What you should do =>
Return only the lines of the data below from the line with "A man enters" up to and including the line with "PC and click", exactly as written, with the pictures omitted.

Data to use =>
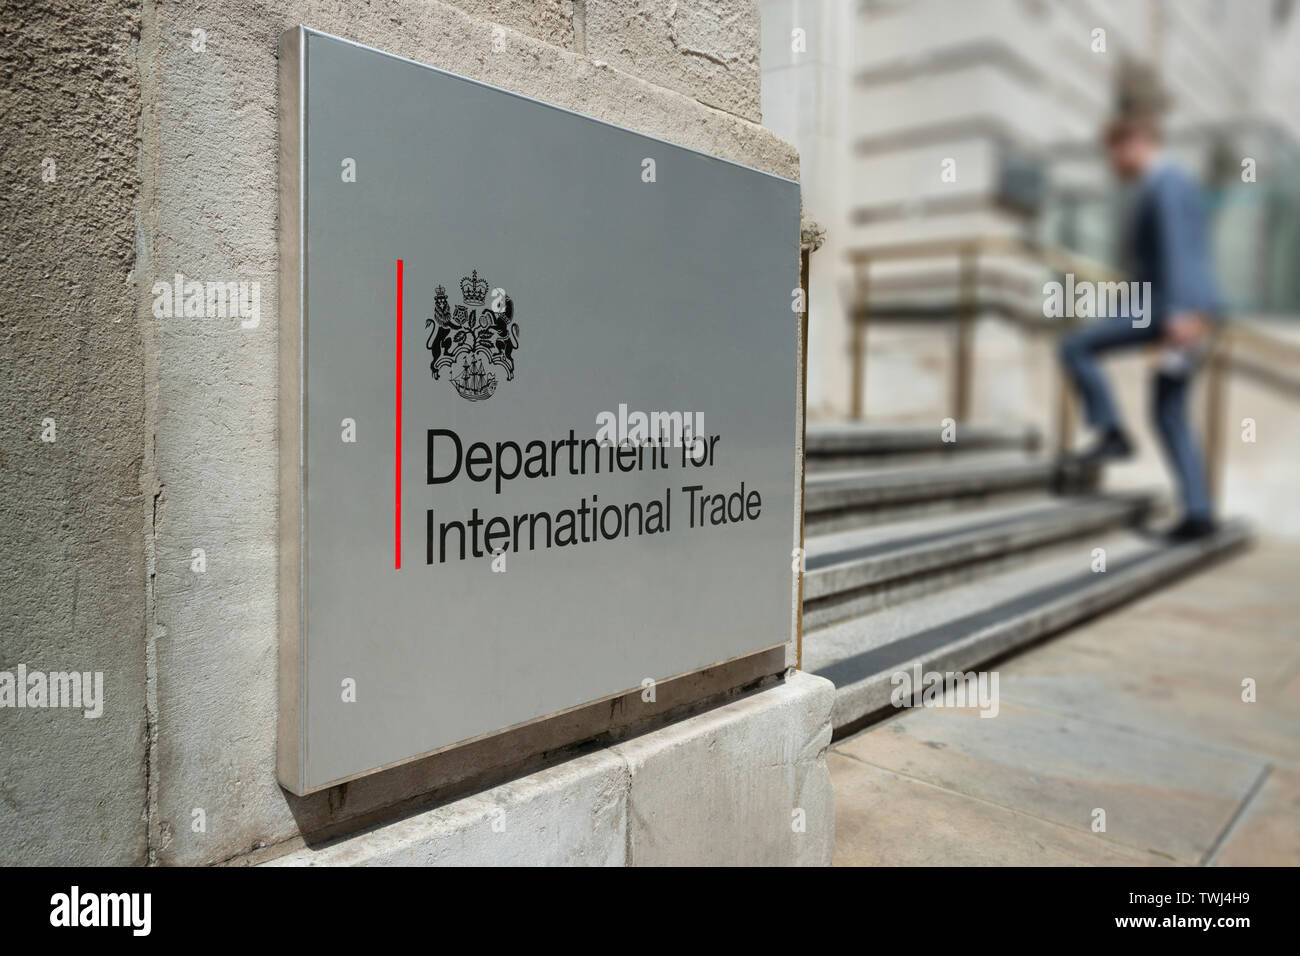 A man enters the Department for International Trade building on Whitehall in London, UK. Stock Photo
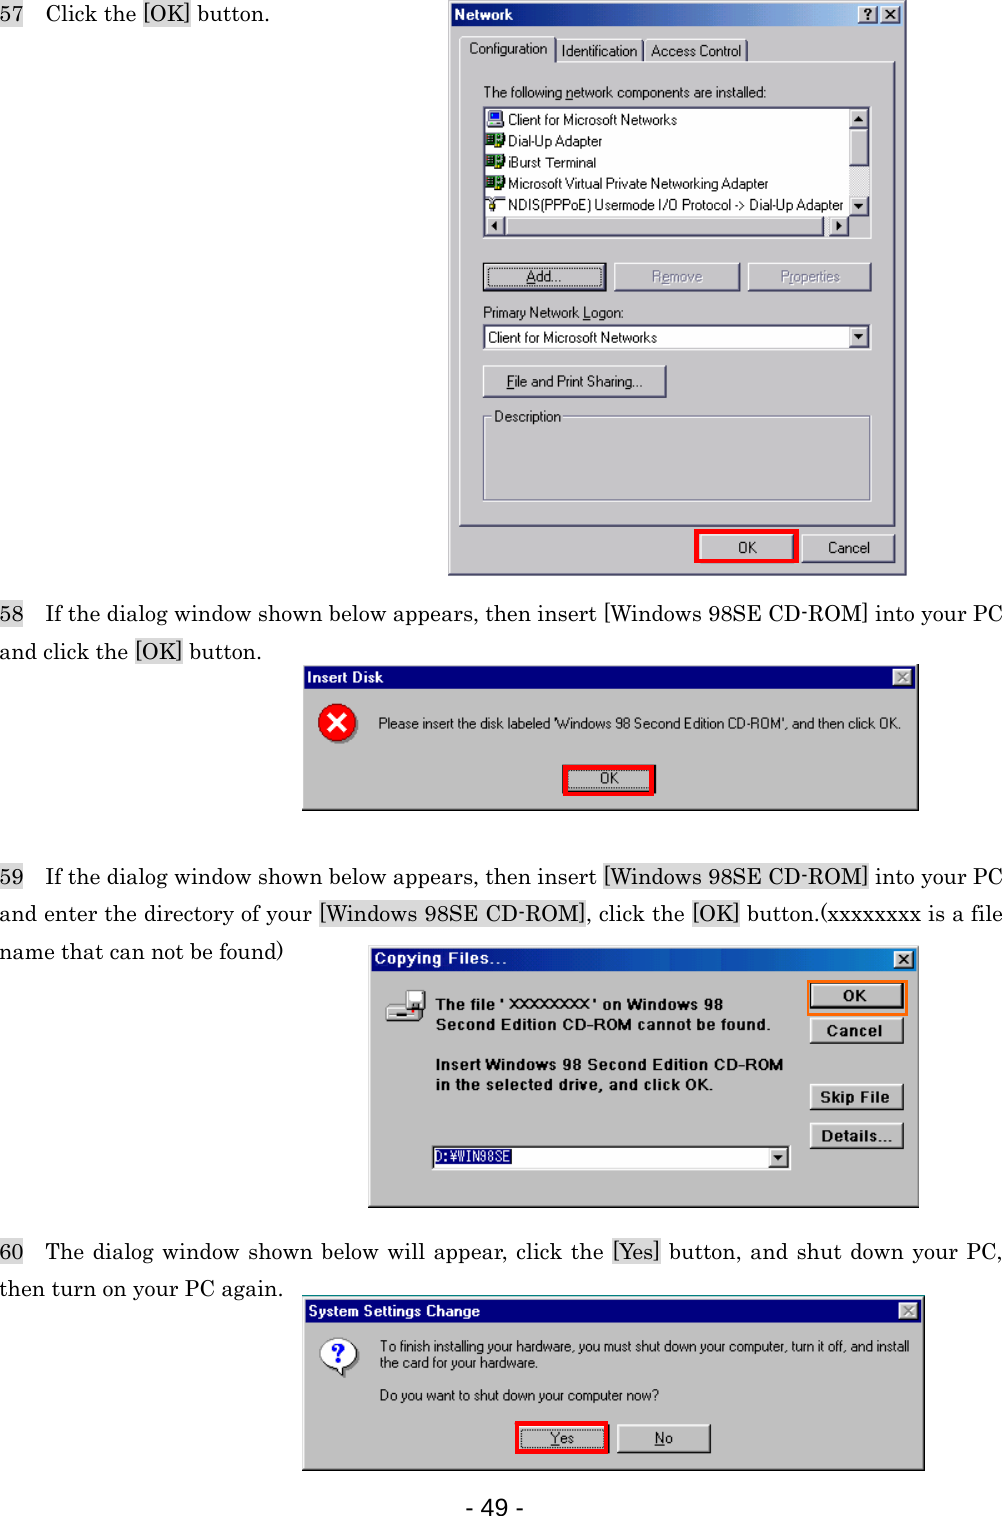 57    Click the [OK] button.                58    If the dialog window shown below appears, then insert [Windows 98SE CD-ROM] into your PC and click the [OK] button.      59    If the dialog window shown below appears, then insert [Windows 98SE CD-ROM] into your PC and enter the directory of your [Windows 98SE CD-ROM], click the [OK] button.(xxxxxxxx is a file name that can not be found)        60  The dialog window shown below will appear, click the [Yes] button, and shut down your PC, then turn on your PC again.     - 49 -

...

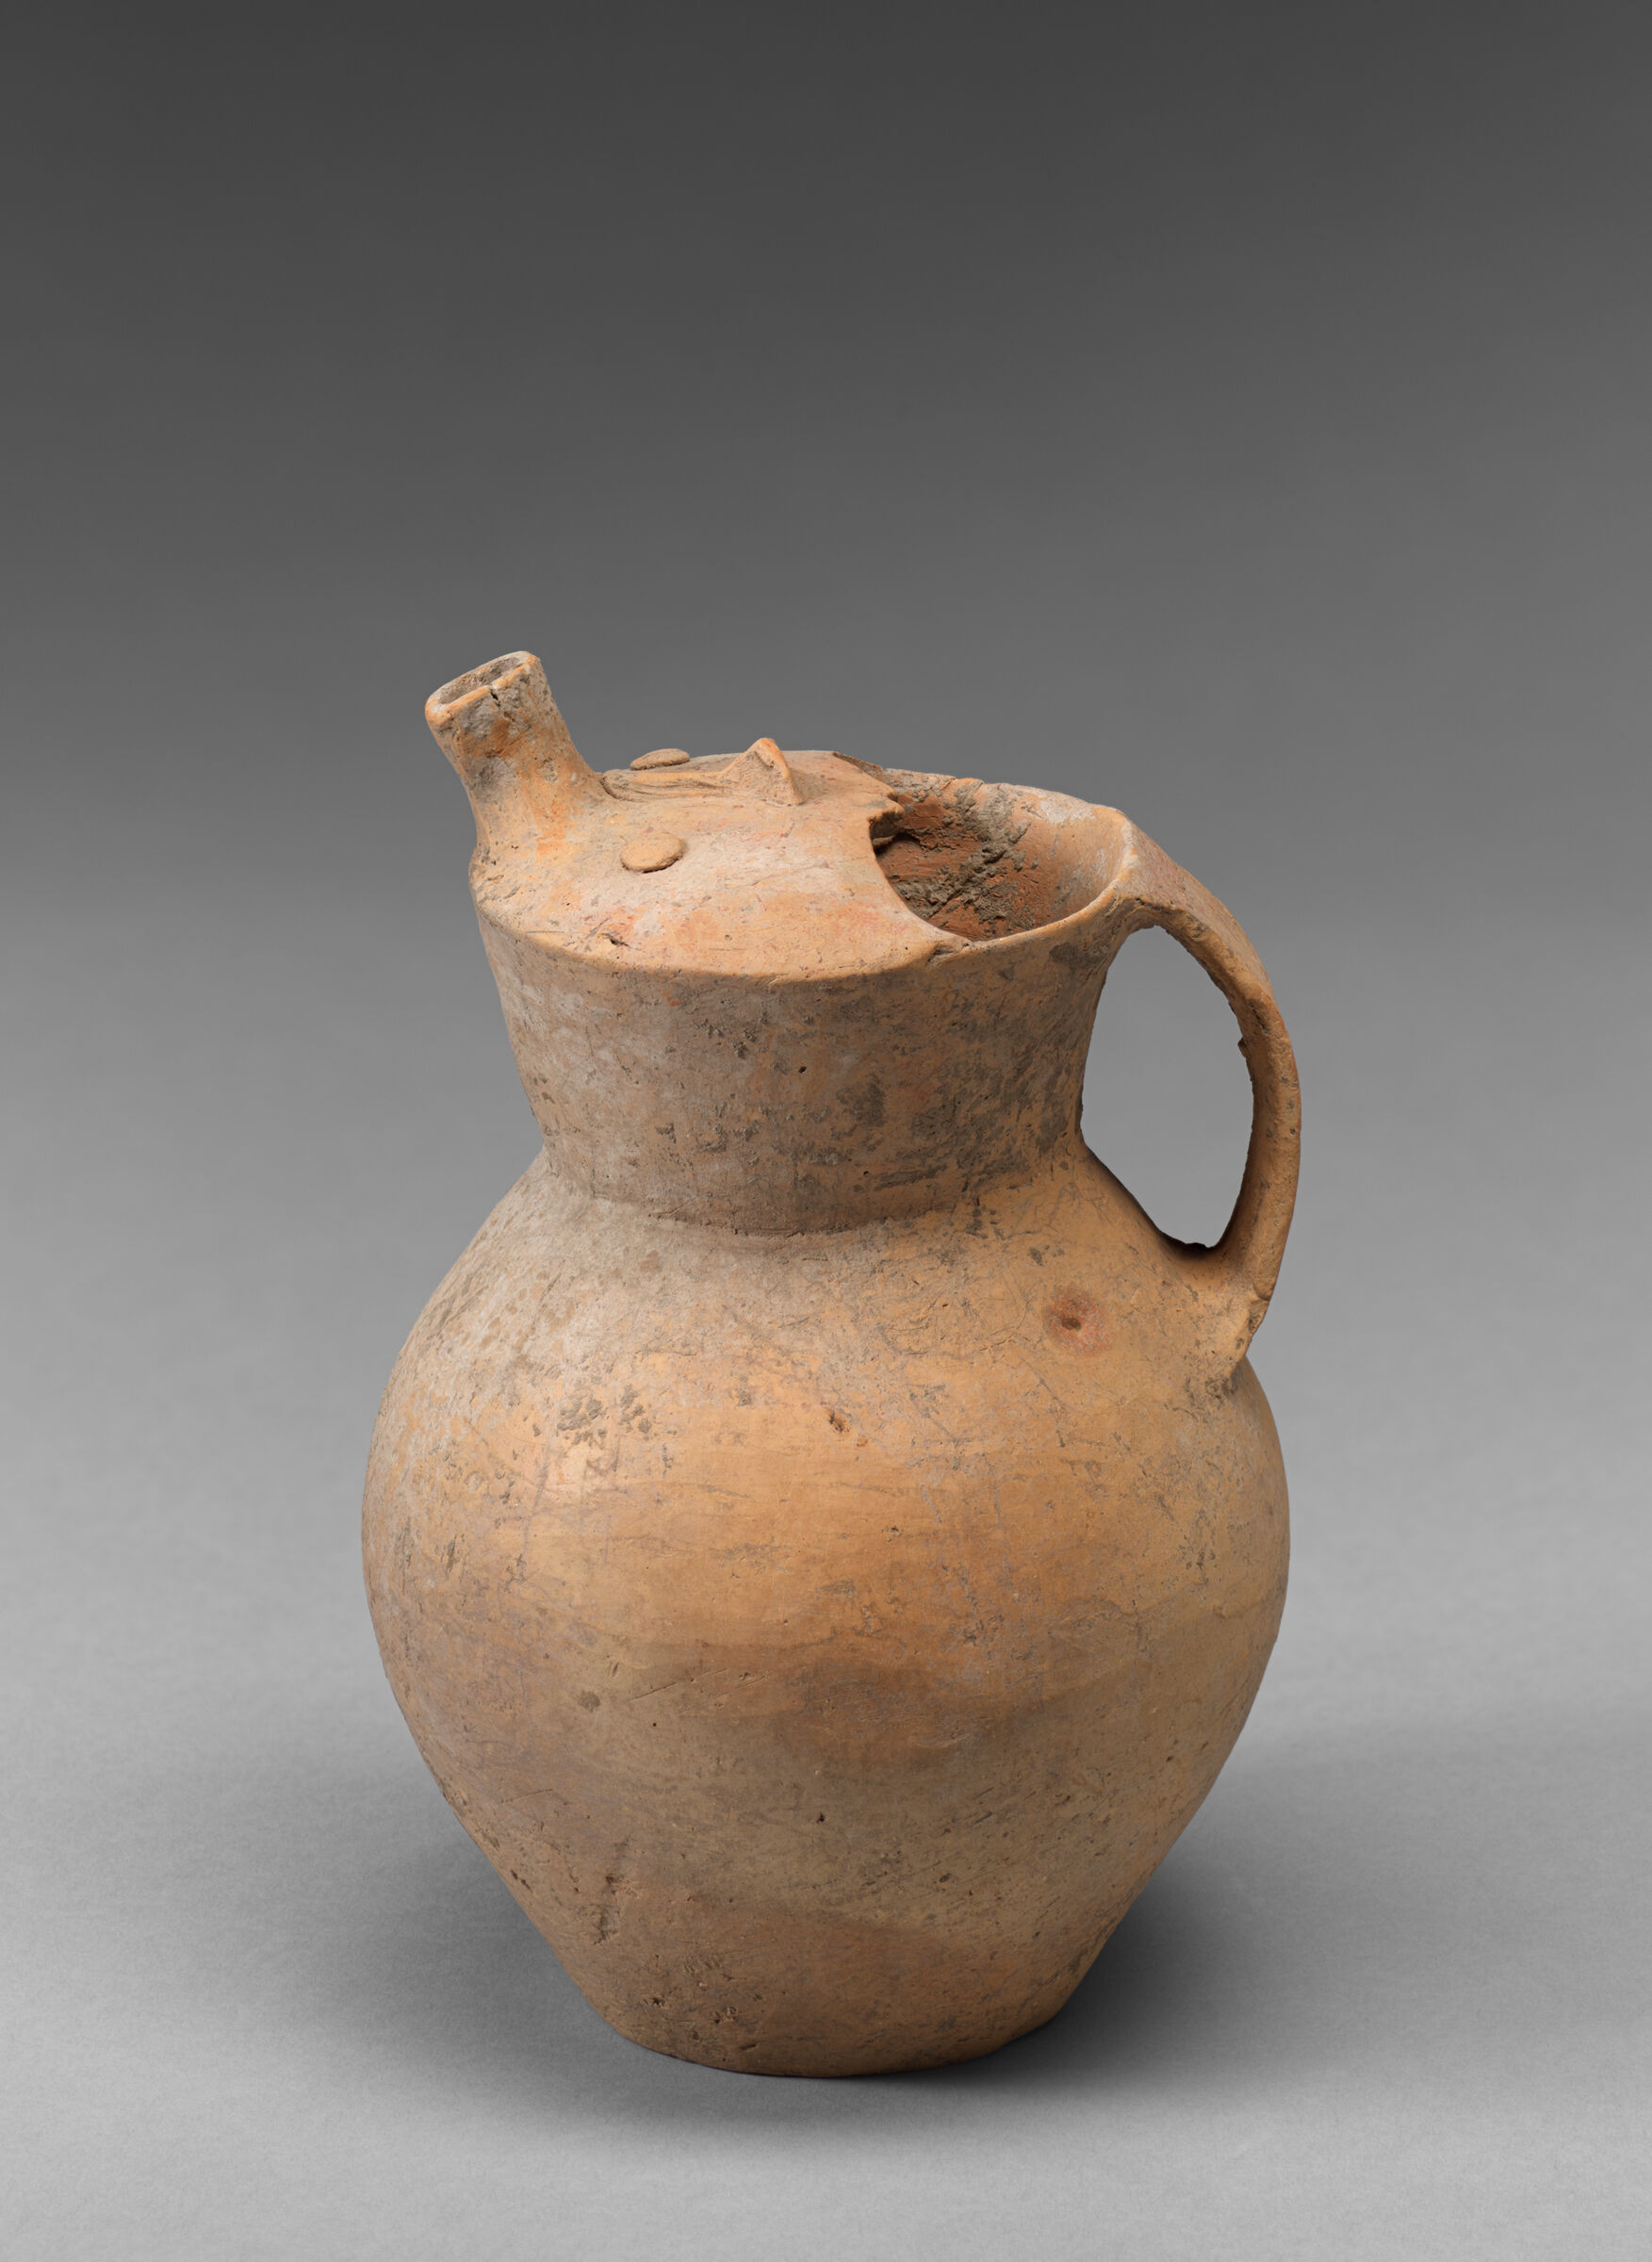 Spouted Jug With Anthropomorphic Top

Solution to this exercise =>
 A man enters the Department for International Trade building on Whitehall in London, UK. Stock Photo
 57    Click the [OK] button.                58    If the dialog window shown below appears, then insert [Windows 98SE CD-ROM] into your PC and click the [OK] button.      59    If the dialog window shown below appears, then insert [Windows 98SE CD-ROM] into your PC and enter the directory of your [Windows 98SE CD-ROM], click the [OK] button.(xxxxxxxx is a file name that can not be found)        60  The dialog window shown below will appear, click the [Yes] button, and shut down your PC, then turn on your PC again.     - 49 -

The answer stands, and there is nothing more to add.